Ditching the cloud for local AI — how I use two mini PCs to process millions of tokens a day and save money on costly API fees

1 hour ago 1

For heavy AI users, the economics of the current boom are starting to bite. Over the past year, major labs have nudged prices upward while tightening the screws on usage — whether through stricter rate limits, smaller context windows on lower tiers, or the gradual reshuffling of features behind more expensive plans. Even where per-token costs have fallen in headline terms, the reality for users is more complicated: higher volumes, more complex workflows, and new tooling expectations mean monthly bills are creeping up, not down.

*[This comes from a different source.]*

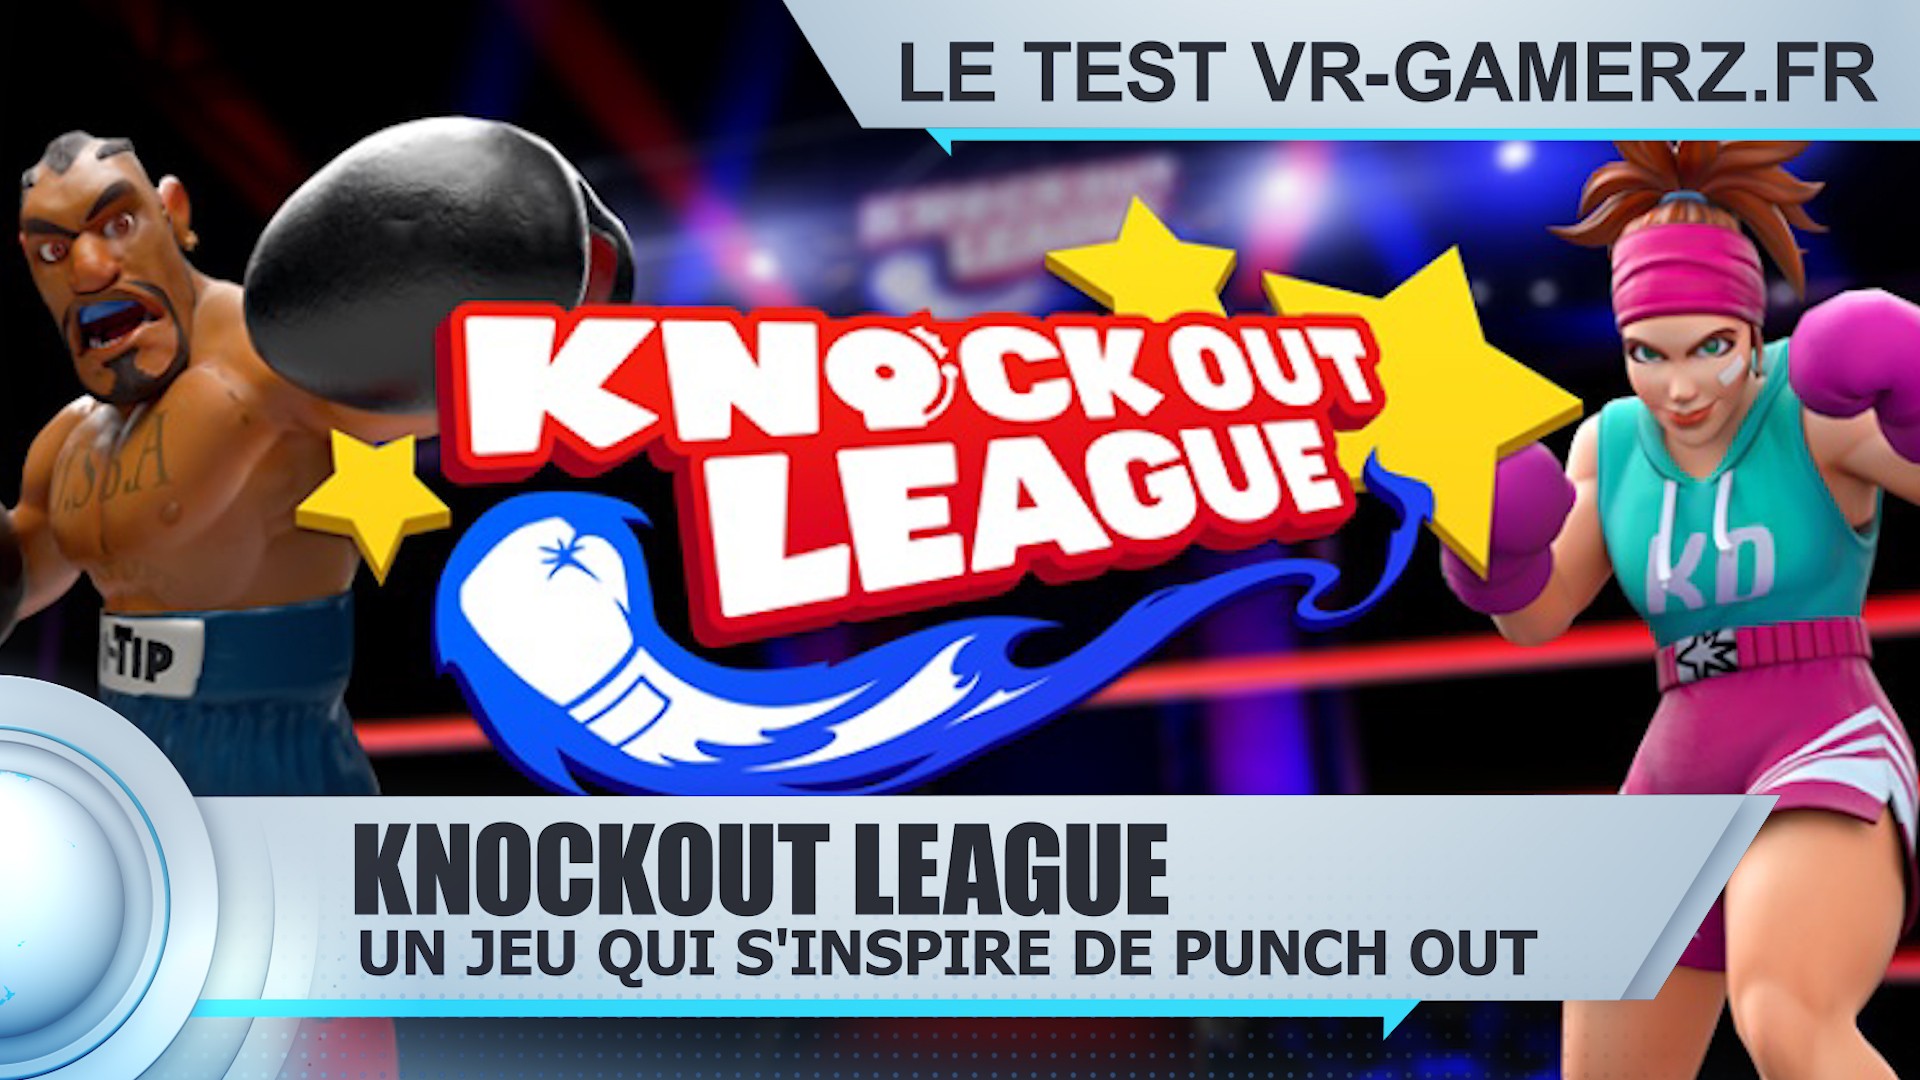 Test Knockout league Oculus quest

At the same time, open-weight models have improved rapidly, consumer hardware has become more capable, and tools like LM Studio, Ollama, and llama.cpp have made local deployment far more accessible than it was even a year ago. The result is a renaissance in running models on your own machines.

I’m one of the people who has taken the leap myself. In mid-March, I bought a GMKtech mini PC with an AMD Ryzen AI Max+ 395 chip and 96GB of RAM. The purchase — at the time something like £1,500 ($2,000) — was a calculated decision. The kinds of volume I wanted AI models to run through would have blown through my current subscriptions to AI models (I have a ChatGPT Plus and GLM Coding Lite plan, which combined cost me around $23 a month), and forced me onto the higher-cost monthly plans, or API-based inference.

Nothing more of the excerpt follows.